D’abord que voulons-nous ? Nous voulons le progrès pour notre pays, la promotion des Nigériens et des Nigériennes, leur épanouissement sur le plan tant spirituel que moral et matériel. Nous voulons le renforcement des capacités d’action collective de notre peuple. Dans l’histoire, seuls les religions, le marxisme et le nationalisme ont pu créer les conditions de la mobilisation de l’action collective au niveau le plus élevé. Sur quelles valeurs pourrons-nous nous appuyer et quelles contre-valeurs nous faudra-t-il combattre, pour réaliser une telle ambition ? Telle est la question majeure, la question difficile à laquelle le Gouvernement a décidé de s’attaquer.
Mesdames et Messieurs,
En Occident, on entend généralement par modernisation sociale, la suppression de la parenté par l’individualisme. L’église catholique, en instaurant l’héritage bilatéral, en interdisant l’endogamie, en encourageant l’exogamie, en interdisant l’adoption d’enfants, le divorce et le concubinage aurait été l’agent involontaire de cette transformation qui a bouleversé les rapports sociaux. L’individualisme au sein de la famille qui en est résulté s’est transformé en égoïsme au point où a disparu toute piété filiale. Cette mutation a eu des effets positifs sur le plan politique, en créant une liaison directe entre l’individu et l’État, et sur le plan économique, en favorisant notamment l’épargne mais, elle a eu des effets désastreux au plan social comme le prouve le niveau élevé de suicides dans les sociétés occidentales. Pour cette dernière raison, la modernisation sociale que nous voulons pour le Niger doit suivre une autre voie. Il est bon de noter que la modernisation sociale, en Occident, ne serait pas le résultat d’une décision politique, mais la conséquence involontaire des mesures au niveau religieux qui ont transformé la société sur plusieurs siècles.
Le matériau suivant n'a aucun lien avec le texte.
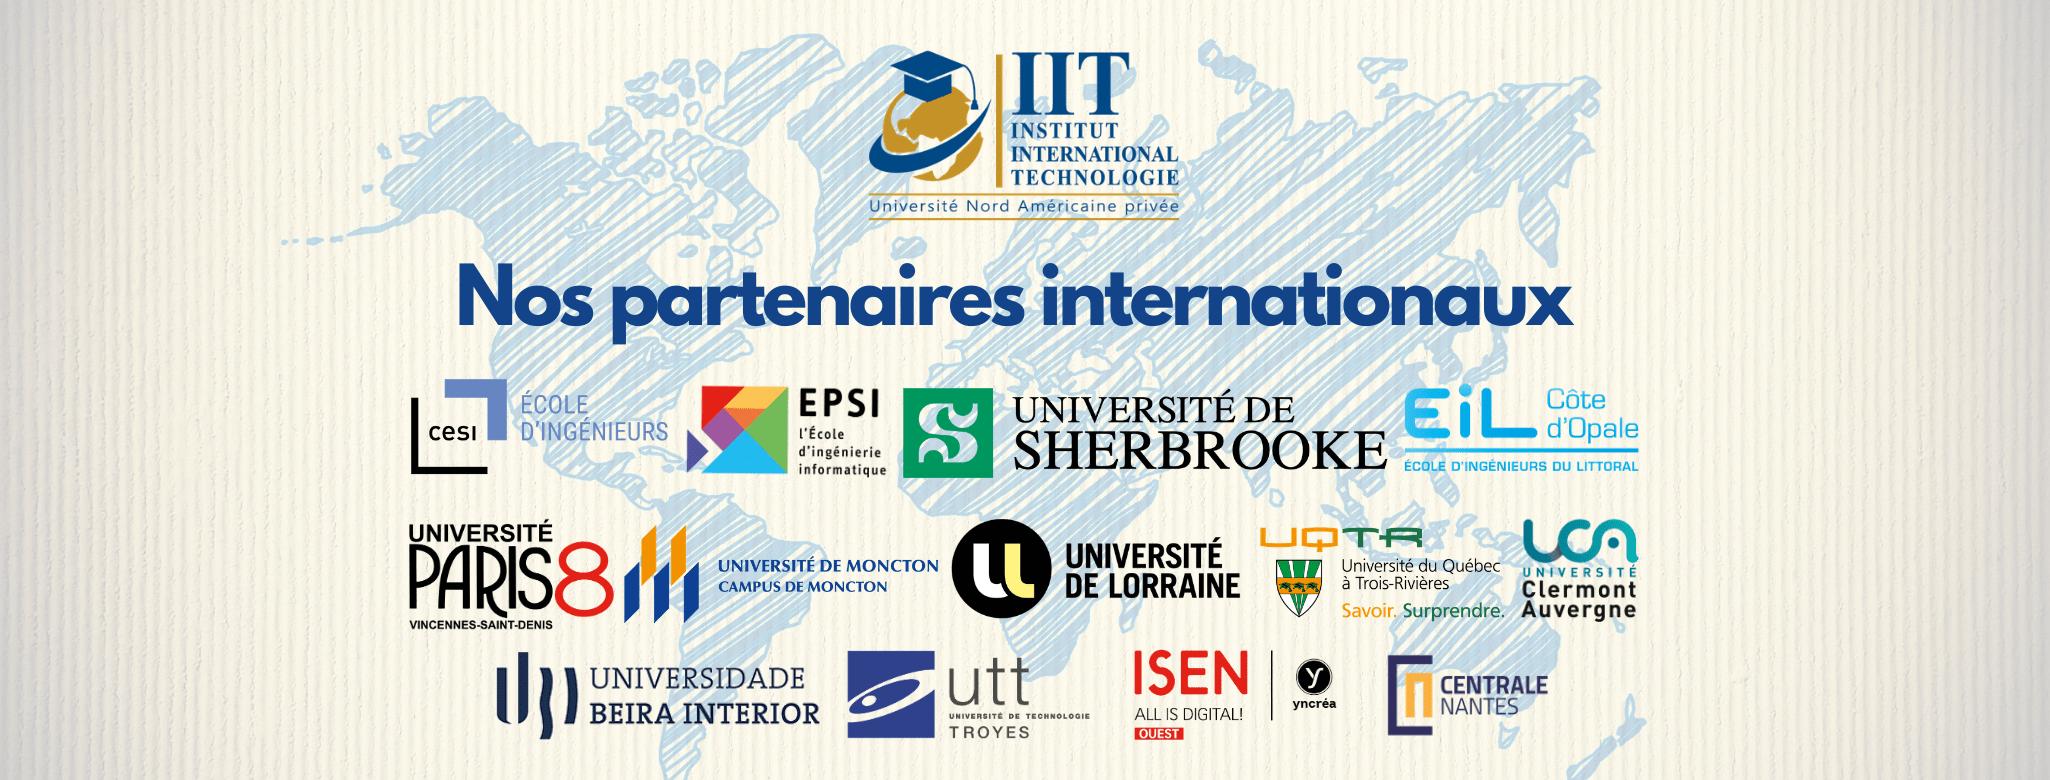 L'étranger, une composante importante de la formation universitaire à l'IIT

La modernisation que nous voulons pour le Niger, c’est la cohésion et la stabilisation de la cellule familiale cimentée par la solidarité qui bannit la paresse, l’oisiveté, la mendicité et la mentalité d’assisté. Nous devons tout faire pour éviter la crise de la famille que connaît l’occident où les parents ont démissionné devant leurs responsabilités et où les enfants abandonnent leurs parents dans des asiles, les condamnant à une mort sociale en attendant leur mort biologique.
La modernisation sociale que nous voulons pour le Niger, c’est la détribalisation de notre société, c’est la suppression conformément à notre constitution, des rapports sociaux fondés sur le clanisme, le tribalisme, le régionalisme et le communautarisme.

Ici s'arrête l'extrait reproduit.